La Convention sur l'interdiction des armes chimiques interdit l'utilisation d'agents chimiques de lutte antiémeute «en tant que moyens de guerre». Ces substances, qui ne sont pas mortelles sauf à de très fortes concentrations, provoquent une irritation des muqueuses et une gêne respiratoire et de la vision.
Le faisceau d'indices d'utilisation d'armes chimiques a été jugé suffisant par Washington et Londres pour qu'ils annoncent, en mai et en octobre, des sanctions contre des institutions publiques et entreprises russes.
Difficultés à prouver leur utilisation
Si un seul cas a pu être prouvé, c'est notamment parce que «ce sont des agents très volatiles» dont la trace s'estompe rapidement et que le recueil des preuves est bien souvent hors de portée, explique à l'AFP Olivier Lepick, chercheur associé à la Fondation pour la recherche stratégique (FRS), spécialiste des armes chimiques.
«Aller faire des prélèvements physico-chimiques en première ligne sur un théâtre de combat comme celui-là, c'est particulièrement dangereux et compliqué», affirme-t-il à l'AFP.
Moscou accuse aussi Kiev, mais n'a pas de preuve
Moscou accuse également Kiev d'employer des armes chimiques mais «les Russes n'ont, contrairement aux Ukrainiens, jamais fourni de début de commencement de preuve», précise le chercheur.
Et l'utilisation de ces armes répond à un intérêt militaire pour les Russes, qui sont à l'offensive: «Quand vous attaquez face à des positions retranchées, l'utilisation d'armes chimiques fait sens, or, quand vous êtes en position défensive ça n'a aucun intérêt.»
«L'arme chimique permet de rendre plus compliqué le combat d'un ennemi enterré dans des fortifications, dans des tranchées» qu'il est plus aisé de déloger qu'avec des munitions «conventionnelles», selon lui. L'utilisation de ces armes chimiques permet d'affaiblir les lignes ennemies et d'ouvrir des brèches, abonde Emma Nix, chercheuse à l'Atlantic Council.

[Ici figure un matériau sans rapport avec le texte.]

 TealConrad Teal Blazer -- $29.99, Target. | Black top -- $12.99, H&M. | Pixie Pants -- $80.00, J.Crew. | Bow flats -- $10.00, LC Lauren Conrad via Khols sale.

Poutine teste les limites de l'occident
«L'objectif de Poutine ne semble pas être la mort et la destruction maximales dans ce cas. Il s'agit peut-être plutôt pour lui de tâter le terrain afin d'évaluer la réaction de la communauté internationale et de déterminer jusqu'où il peut aller», estimait Emma Nix dans une note publiée au printemps. Au début de l'invasion, Joe Biden avait prévenu que la Russie «paierait le prix fort si elle utilisait des armes chimiques».
Le recours à des agents chimiques non-létaux présente des avantages par rapport à des gaz neurotoxiques organophosphorés comme le sarin, le soman ou le VX, qui sont «à des années-lumière en matière de toxicité», selon Olivier Lepick. «Si elle en utilisait, on aurait la preuve que la Russie contrevient à ses engagements» internationaux, explique-t-il. «Ils ne doivent pas, ce dont on doute d'ailleurs, mener d'activités de recherche, de production, de développement de ces armes».

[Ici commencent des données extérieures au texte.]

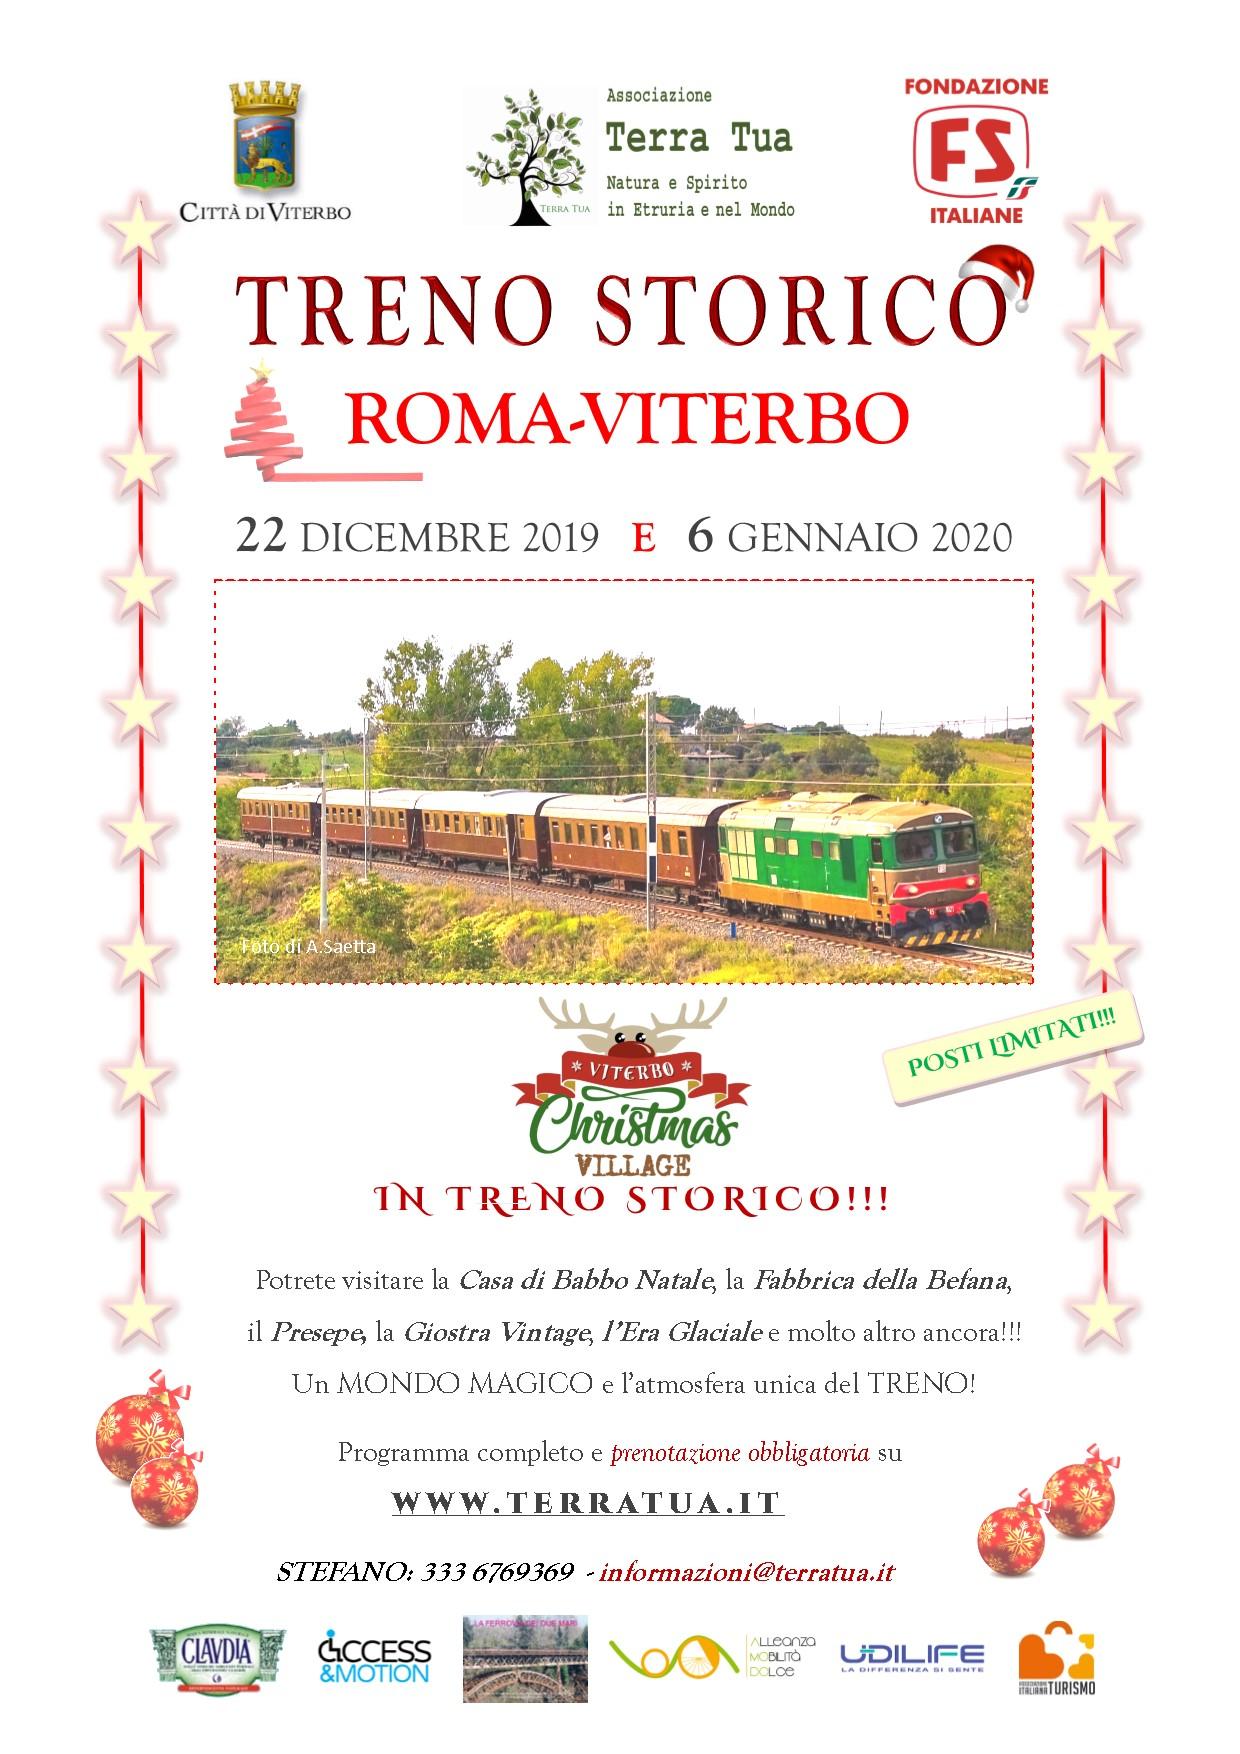 Treno storico Roma-Viterbo

La Russie est l'un des 198 pays signataires de la Convention sur l'interdiction des armes chimiques, et a officiellement achevé en 2017 la destruction de 100% de ses 40'000 tonnes d'armes chimiques.
Et si un neurotoxique, le Novitchok, a bien été utilisé pour des assassinats d'opposants, Moscou a toujours pu nier que l'Etat russe était derrière. En cas d'utilisation sur le champ de bataille, pour Olivier Lepick, «il n'y aurait aucun doute sur le fait que ce sont les forces russes».